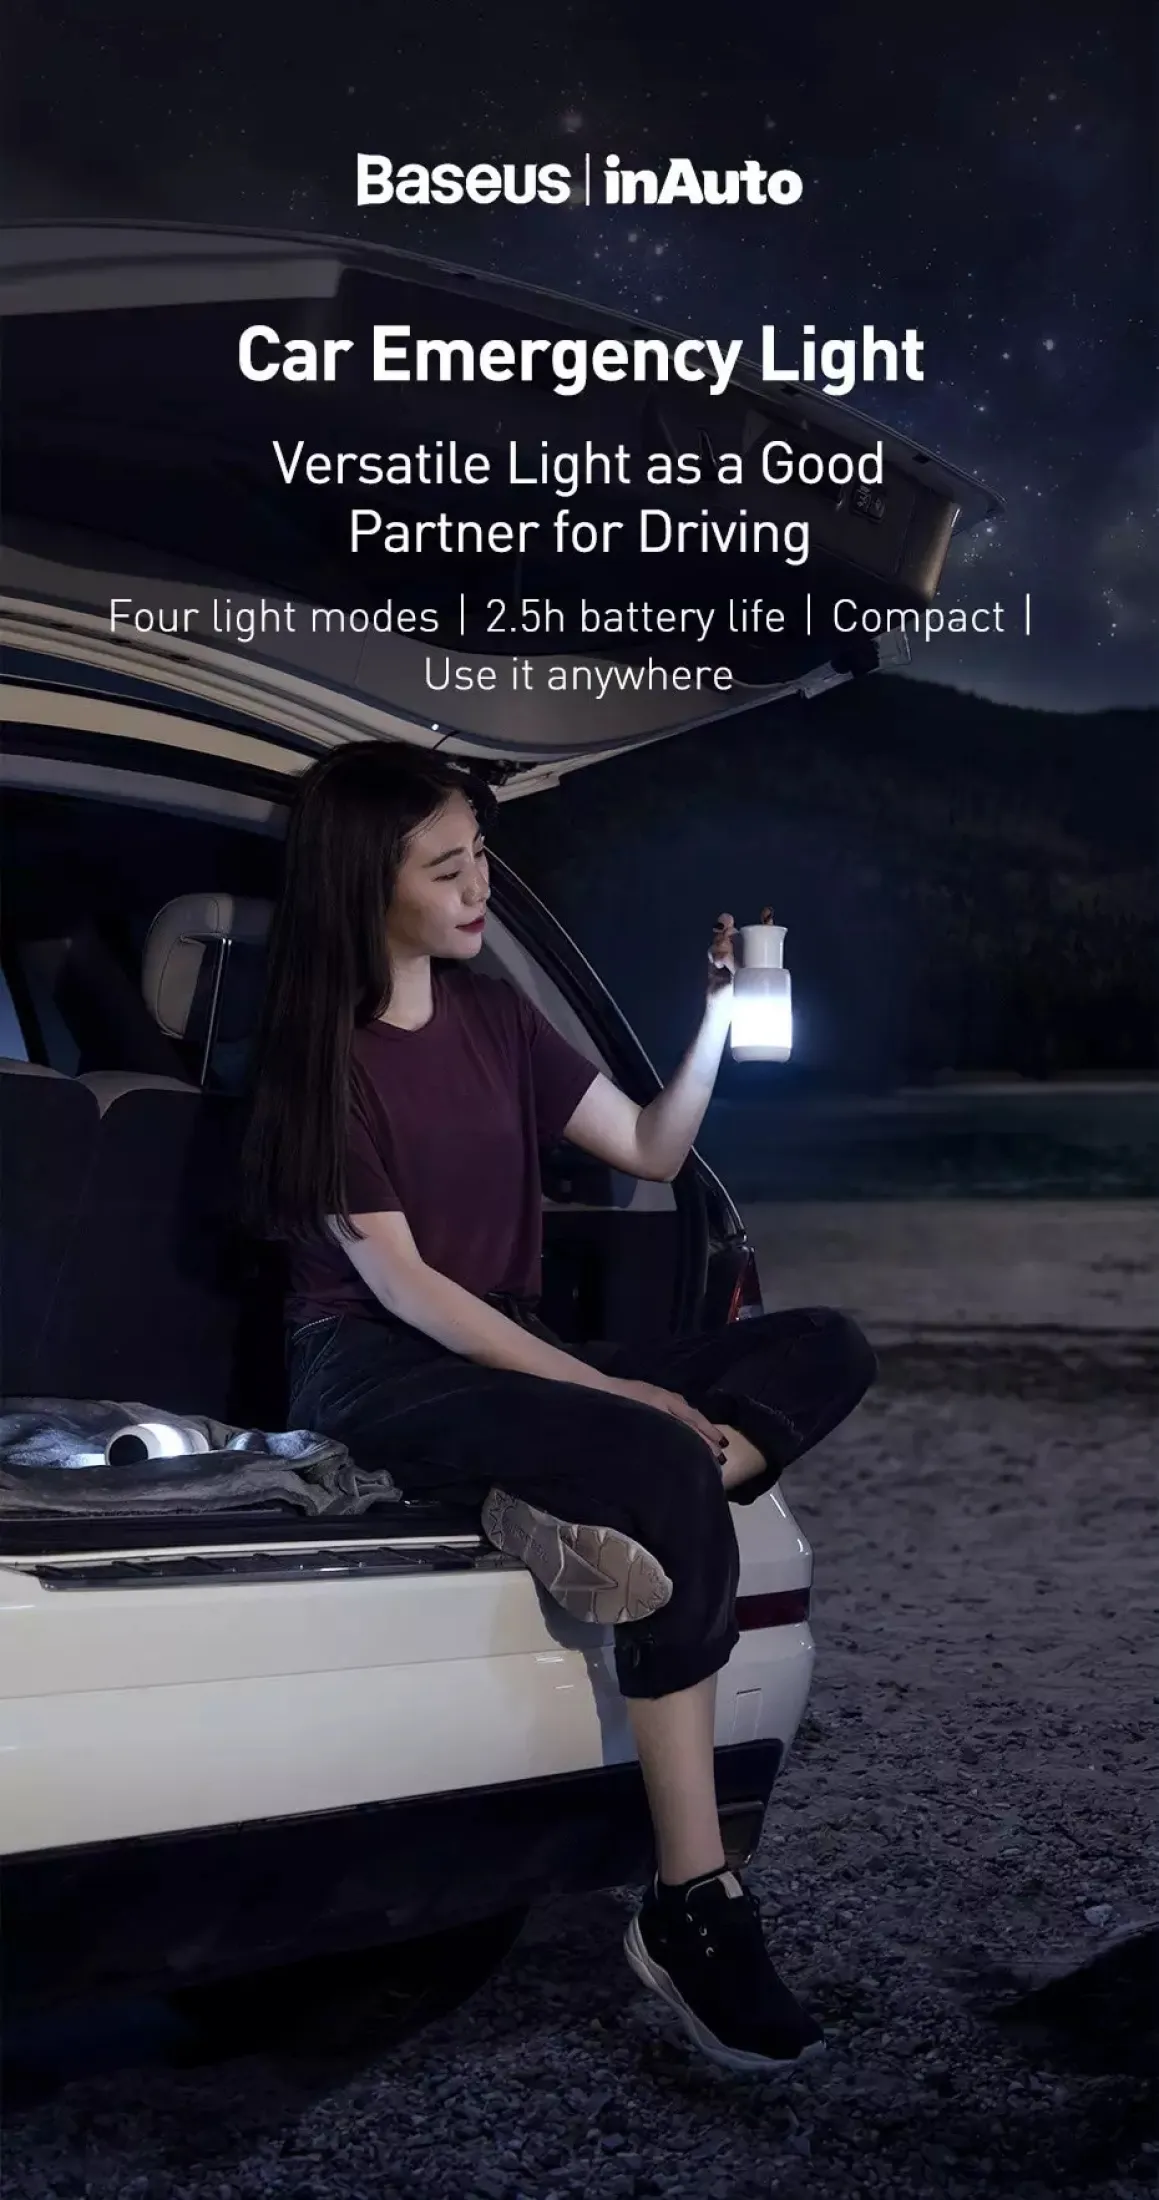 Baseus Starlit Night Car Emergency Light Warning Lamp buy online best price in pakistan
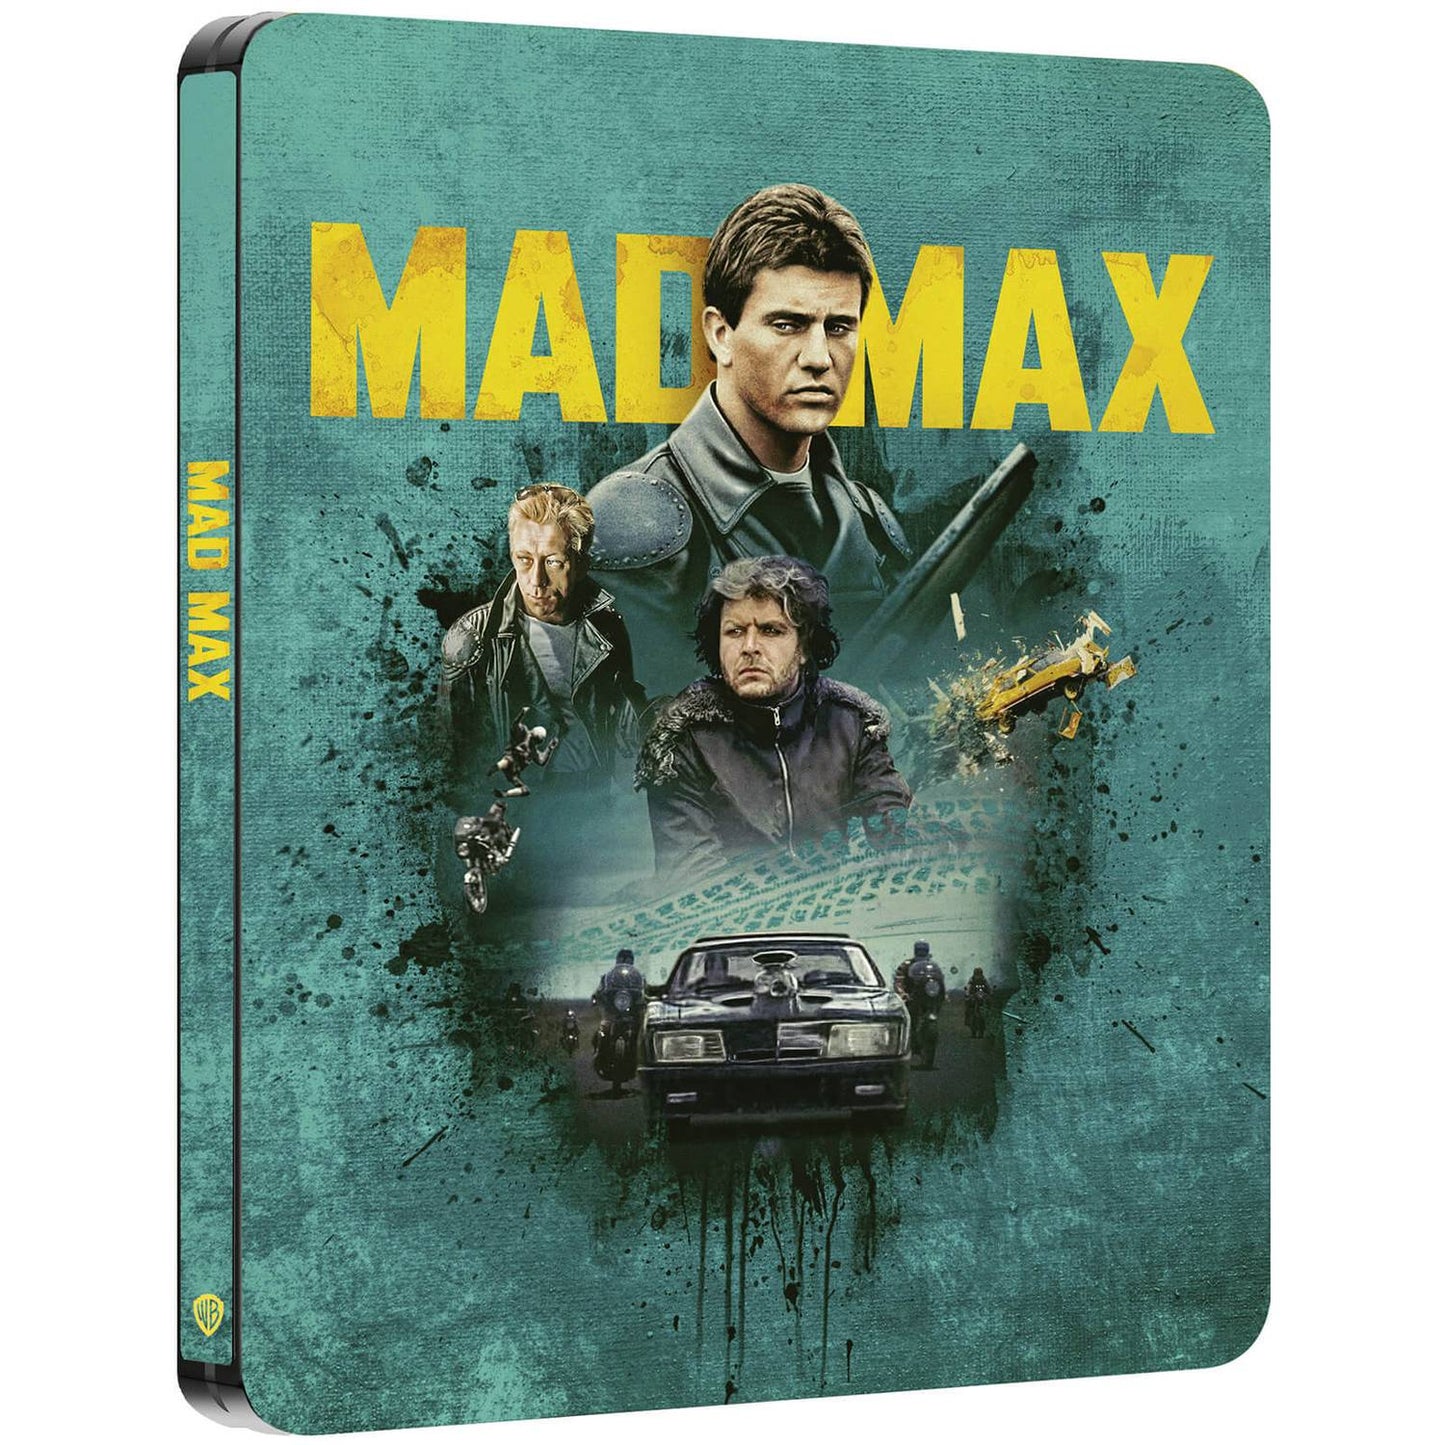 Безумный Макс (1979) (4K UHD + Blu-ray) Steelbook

---

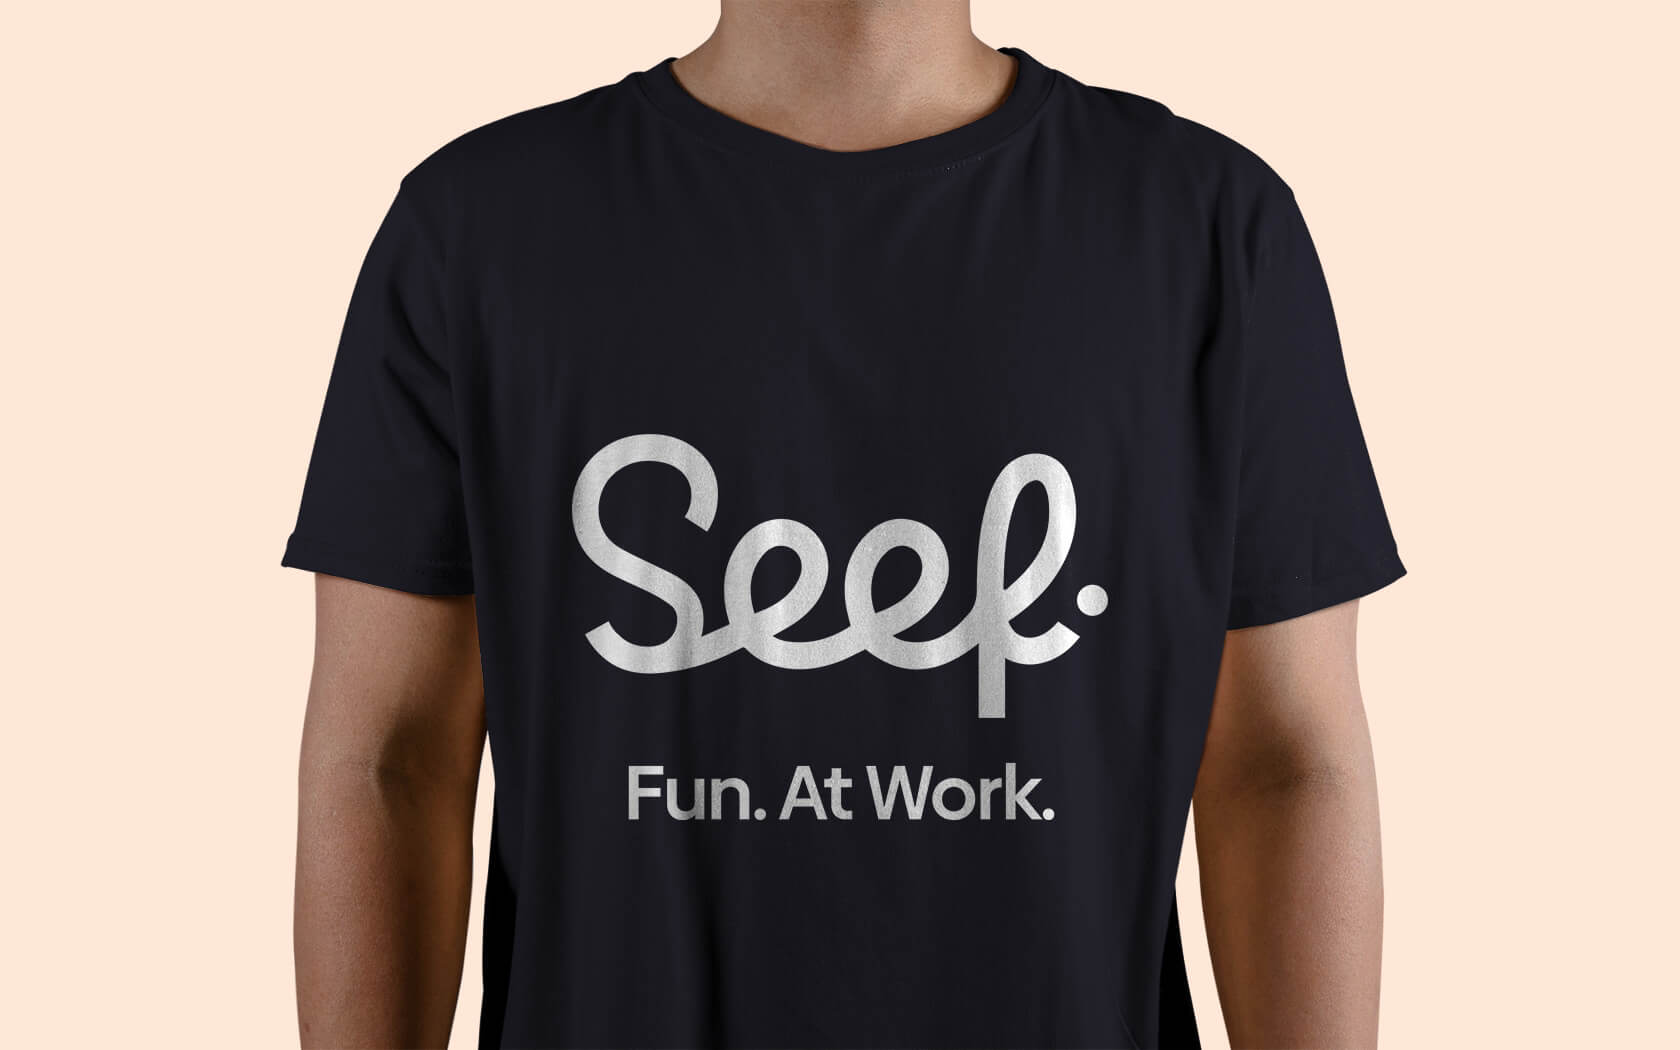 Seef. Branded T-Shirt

(Task description) In the entries above, find the line with "Baseus Starlit Night" and the line with "Безумный Макс (1979)". Write out exactly those two lines and every line between them, pictures excluded.

(Response)
 Baseus Starlit Night Car Emergency Light Warning Lamp buy online best price in pakistan
 Безумный Макс (1979) (4K UHD + Blu-ray) Steelbook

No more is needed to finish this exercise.